Our economy needs small businesses, and small businesses need regulatory reform
Small businesses are key to getting our economy back on track, but they bear the brunt of the increasing cost of regulation. Legislators seem to recognize as much and have introduced several bills requiring a better understanding of the effects of regulation on small businesses. Just last week the House of Representatives held a mark-up session for H.R. 527, the Regulatory Flexibility Improvements Act of 2011, which is designed to ensure more complete analysis of the impact of proposed regulations on small entities. With regulatory activity on the rise, the bill represents a valuable effort to minimize the extent to which the growth in the administrative state impedes economic recovery.
Under the Regulatory Flexibility Act of 1980 (RFA), federal agencies must assess the impact of pending regulations on small businesses and attempt to minimize their net costs. While the RFA was a significant regulatory reform when it was enacted 30 years ago, it has been plagued by a number of shortcomings, most notably the fact that its analytical requirements can be sidestepped if the head of a regulatory agency certifies that a proposed regulation would not have a “significant economic impact on a substantial number of small entities.” Moreover, recent judicial interpretations of the RFA have held that agencies need not take the “indirect effects” of regulation into account in determining what constitutes a “significant economic impact.” Combined, these loopholes are very significant, as it is often the indirect effects of regulation (e.g., increased energy prices, impediments to innovation or inefficiencies imposed on larger industries on which small businesses depend) that impose the greatest burdens on small entities.
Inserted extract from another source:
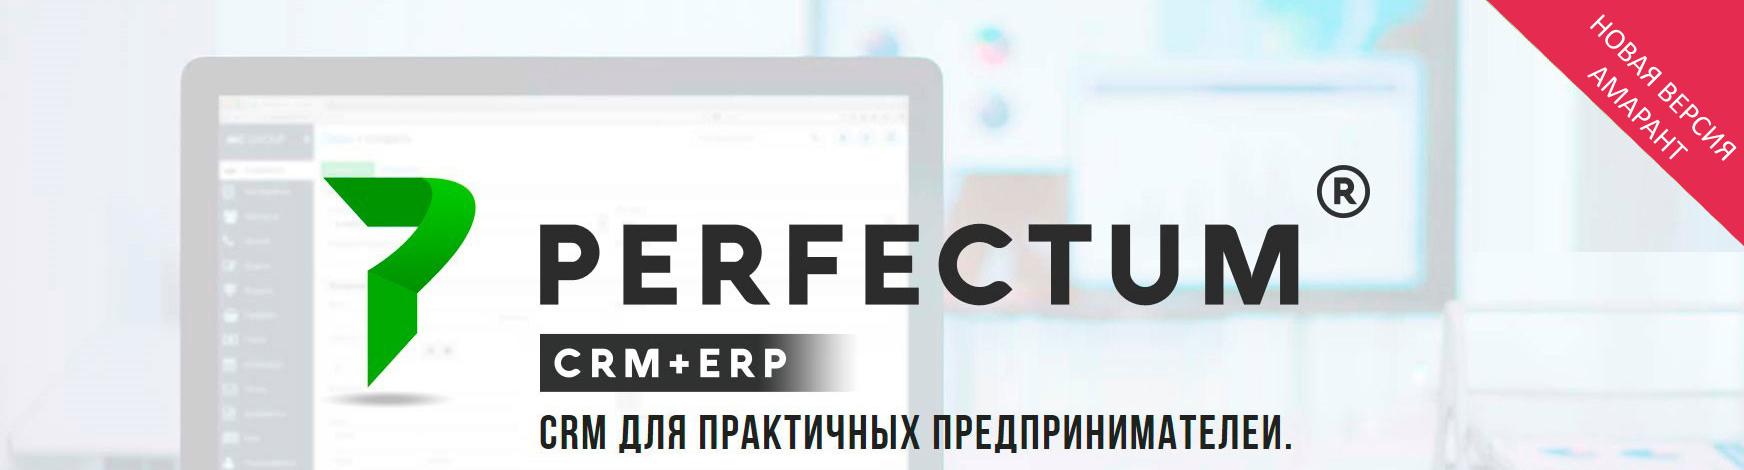 Новая версия Perfectum CRM+ERP 3.2
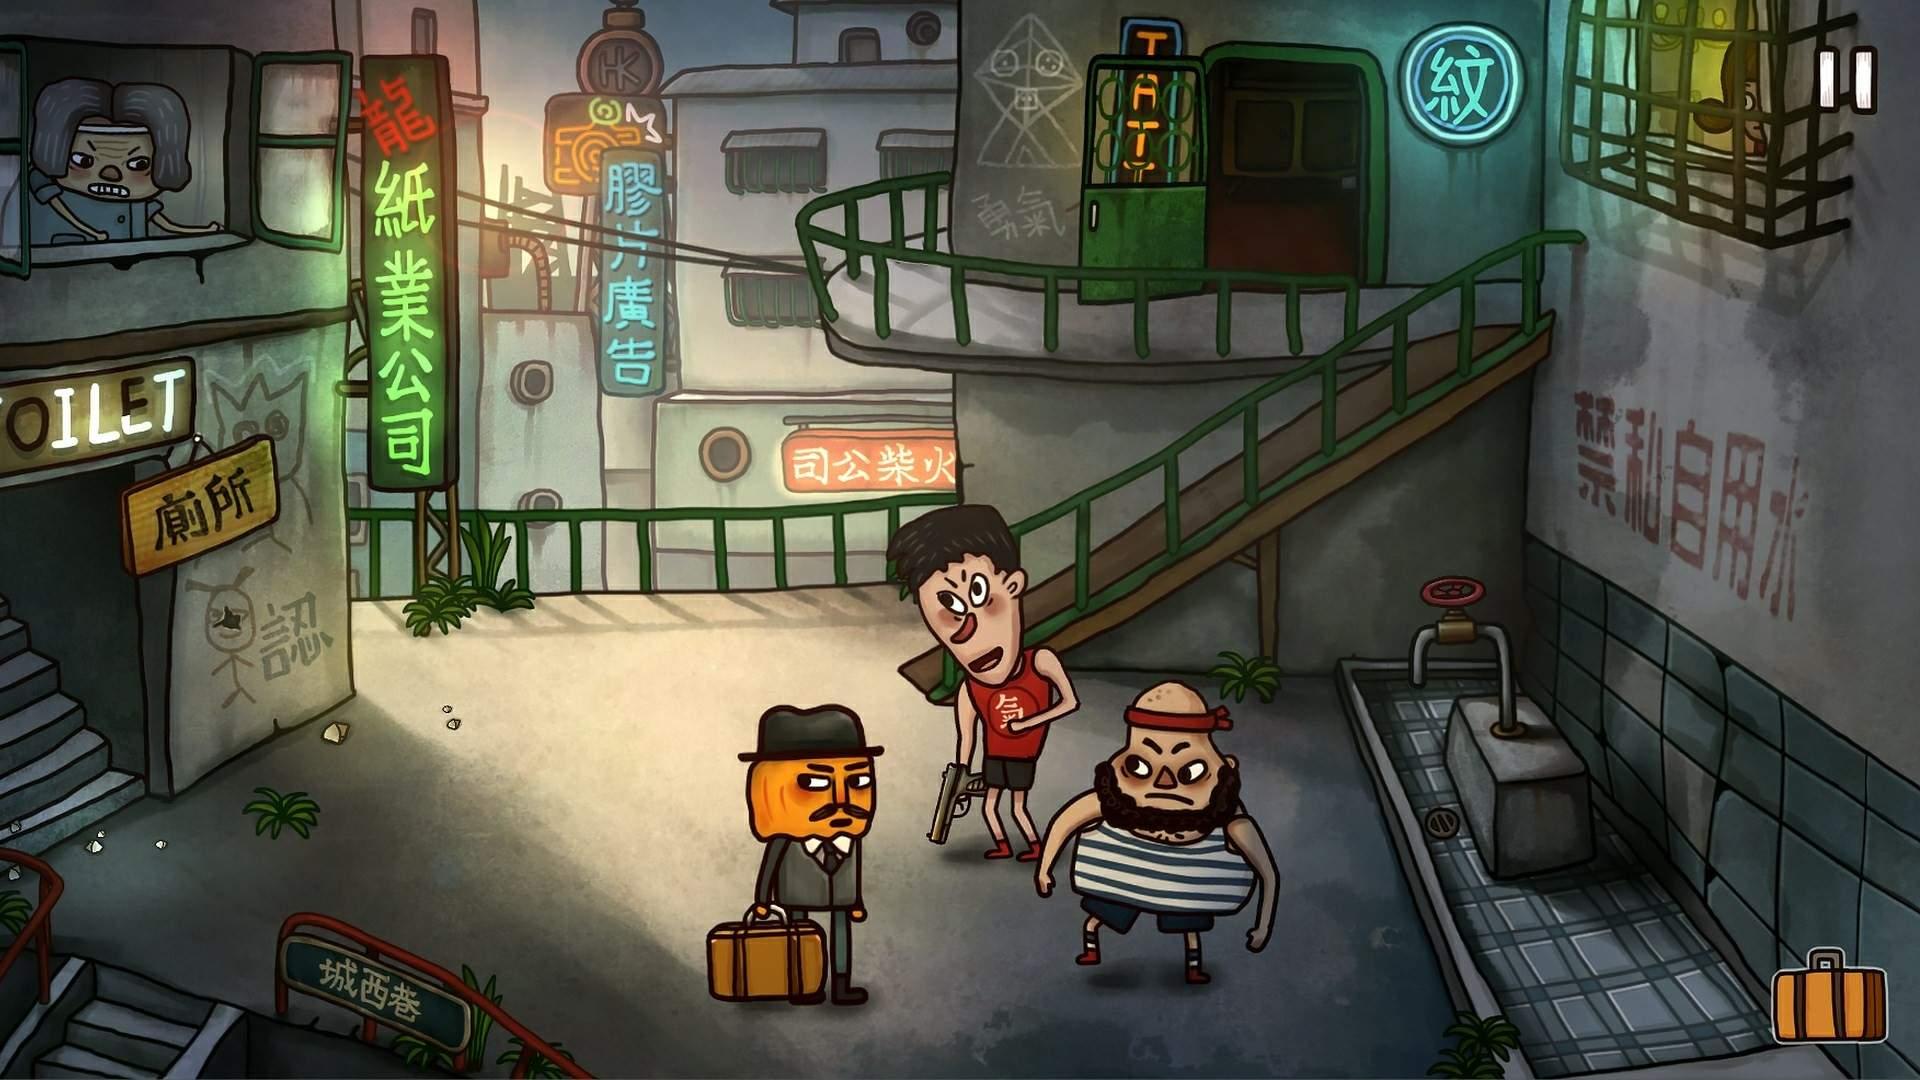 Mr. Pumpkin 2: Kowloon Walled City – 15 settembre – Miglioramento Xbox One X

H.R. 527 attempts to remedy the deficiencies of the RFA, defining “economic impact” to include both direct economic effects and any “reasonably foreseeable” indirect effects, in addition to strengthening the act’s procedural requirements.
Perhaps the most compelling reason for expanding the RFA’s requirements lies in the distributive effects of federal regulation. The fixed-cost nature of regulation results in small entities shouldering a disproportionate share of regulatory burdens. The Small Business Administration estimates that the cost per employee of federal regulation for firms employing fewer than 20 people is 36% higher than that for larger firms. Expanding the range of economic effects federal agencies must consider in promulgating regulations that affect small businesses is an important step in adjusting regulatory policy to the reality that small firms lack the financial, legal and political resources of big business.
Even if one is unmoved by considerations of fairness, the centrality of small businesses to the strength of the overall economy warrants significant attention and makes the need for reform urgent. “Small businesses produce most of the new jobs in this country,” President Obama noted last September. “They are the anchors of our Main Streets.” Regulations do not affect targeted industries in a vacuum. Rather, they increase the overall cost of economic activity, operating as a “hidden tax” with effects that reverberate throughout the economy as a whole. That some effects of regulation are “indirect” is irrelevant to their degree of magnitude. Forcing regulators to take stock of indirect effects and consider alternative means of accomplishing their goals will help minimize regulatory burdens on small business that might otherwise stand in the way of economic recovery.
Finally, irrespective of the economic importance of small businesses, the notion that regulators should consider the full range of relevant information when possible is reasonable regardless of one’s general feelings about regulation. Hiding or ignoring the indirect costs of regulation does not make for good public policy.
Federal regulation plays an important role in maintaining our quality of life. But demands for health, safety and a clean environment must inevitably be weighed against other goals, the most timely being the need for economic growth. It is encouraging that Congress is focusing on finding a more appropriate balance between these competing priorities.
Jay Sykes is an intern at the George Washington University Regulatory Studies Center, which works to raise awareness of regulations’ effects and improve regulatory policy through research, education and outreach. He is a recent graduate of Georgetown University and will enter Yale Law School in the fall.